Lecture 24: Graph traversals

### Topics:

- tricolor algorithm
- breadth-first search
- depth-first search
- cycle detection
- topological sort
- connected components

We often want đồ sộ solve problems that are expressible in terms of a traversal or tìm kiếm over a graph. Examples include:

Bạn đang xem: graph search la gi

- Finding all reachable nodes (for garbage collection)
- Finding the best reachable node (single-player game search) or the minmax best reachable node (two-player game search)
- Finding the best path through a graph (for routing and map directions)
- Determining whether a graph is a DAG.
- Topologically sorting a graph.

The goal of a graph traversal, generally, is đồ sộ find all nodes reachable from a given mix of root nodes. In an undirected graph we follow all edges; in a directed graph we follow only out-edges.

## Tricolor algorithm

Abstractly, graph traversal can be expressed in terms of the **tricolor
algorithm** due đồ sộ Dijkstra and others. In this algorithm, graph nodes are
assigned one of three colors that can change over time:

**White**nodes are undiscovered nodes that have not been seen yet in the current traversal and may even be unreachable.**Black**nodes are nodes that are reachable and that the algorithm is done with.**Gray**nodes are nodes that have been discovered but that the algorithm is not done with yet. These nodes are on a frontier between white and Đen.

The progress of the algorithm is depicted by the following figure. Initially there are no Đen nodes and the roots are gray. As the algorithm progresses, white nodes turn into gray nodes and gray nodes turn into Đen nodes. Eventually there are no gray nodes left and the algorithm is done.

The algorithm maintains a key invariant at all times: there are no edges from white nodes đồ sộ Đen nodes. This is clearly true initially, and because it is true at the kết thúc, we know that any remaining white nodes cannot be reached from the Đen nodes.

The algorithm pseudo-code is as follows:

- Color all nodes white, except for the root nodes, which are colored gray.
- While some gray node n exists:
- color some white successors of n gray.
- if n has no white successors, optionally color n Đen.

This algorithm is abstract enough đồ sộ describe many different graph
traversals. It allows the particular implementation đồ sộ choose the node n from
among the gray nodes; it allows choosing which and how many white successors to
color gray, and it allows delaying the coloring of gray nodes Đen. We says
that such an algorithm is *nondeterministic* because its behavior is not
fully defined. However, as long as it does some work on each gray node that it picks,
any implementation that can be described in terms of this algorithm will finish. Further,
because the black-white invariant is maintained, it must reach all reachable nodes in the graph.

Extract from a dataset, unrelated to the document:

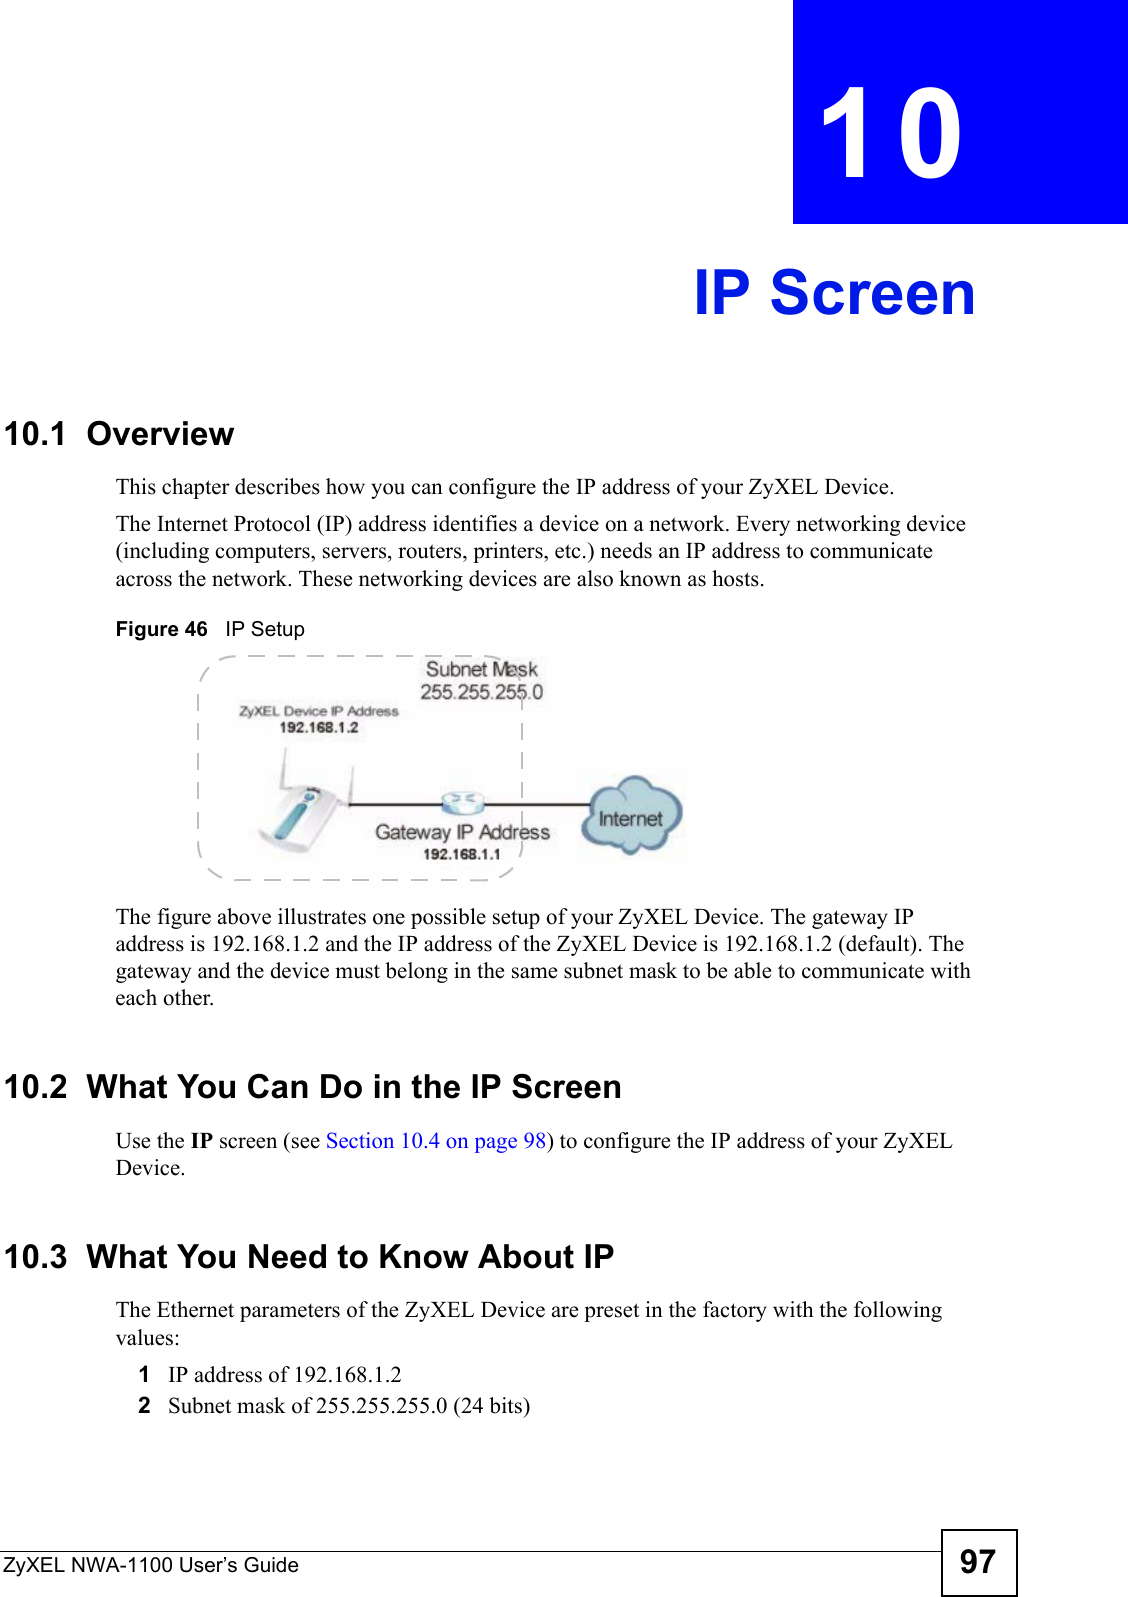 ZyXEL NWA-1100 User’s Guide 97CHAPTER  10 IP Screen10.1  OverviewThis chapter describes how you can configure the IP address of your ZyXEL Device.The Internet Protocol (IP) address identifies a device on a network. Every networking device (including computers, servers, routers, printers, etc.) needs an IP address to communicate across the network. These networking devices are also known as hosts.Figure 46   IP SetupThe figure above illustrates one possible setup of your ZyXEL Device. The gateway IP address is 192.168.1.2 and the IP address of the ZyXEL Device is 192.168.1.2 (default). The gateway and the device must belong in the same subnet mask to be able to communicate with each other.10.2  What You Can Do in the IP ScreenUse the IP screen (see Section 10.4 on page 98) to configure the IP address of your ZyXEL Device.10.3  What You Need to Know About IPThe Ethernet parameters of the ZyXEL Device are preset in the factory with the following values:1IP address of 192.168.1.22Subnet mask of 255.255.255.0 (24 bits)

One value of defining graph tìm kiếm in terms of the tricolor algorithm is that the tricolor algorithm works even when gray nodes are worked on concurrently, as long as the black-white invariant is maintained. Thinking about this invariant therefore helps us ensure that whatever graph traversal we choose will work when parallelized, which is increasingly important.

## Breadth-first search

Breadth-first tìm kiếm (BFS) is a graph traversal algorithm that explores nodes in the order of their distance from the roots, where distance is defined as the minimum path length from a root đồ sộ the node. Its pseudo-code looks lượt thích this:

frontier = new Queue() mark root visited (set root.distance = 0) frontier.push(root) while frontier not empty { Vertex v = frontier.pop() for each successor v' of v { if v' unvisited { frontier.push(v') mark v' visited (v'.distance = v.distance + 1) } } }

Here the white nodes are those not marked as visited, the gray nodes are those
marked as visited and that are in `fronter`

, and the Đen nodes are
visited nodes no longer in `frontier`

. Rather than thở having a visited flag,
we can keep track of a node's distance in the field `v.distance`

. When
a new node is discovered, its distance is mix đồ sộ be one greater than thở its predecessor
`v`

.

When `frontier`

is a first-in, first-out (FIFO) queue, we get
breadth-first tìm kiếm. All the nodes on the queue have a minimum path length
within one of each other. In general, there is a mix of nodes đồ sộ be popped off,
at some distance *k* from the source, and another mix of elements, later
on the queue, at distance *k+1*. Every time a new node is pushed onto the
queue, it is at distance *k+1* until all the nodes at distance *k*
are gone, and *k* then goes up by one. Therefore newly pushed nodes are
always at a distance at least as great as any other gray node.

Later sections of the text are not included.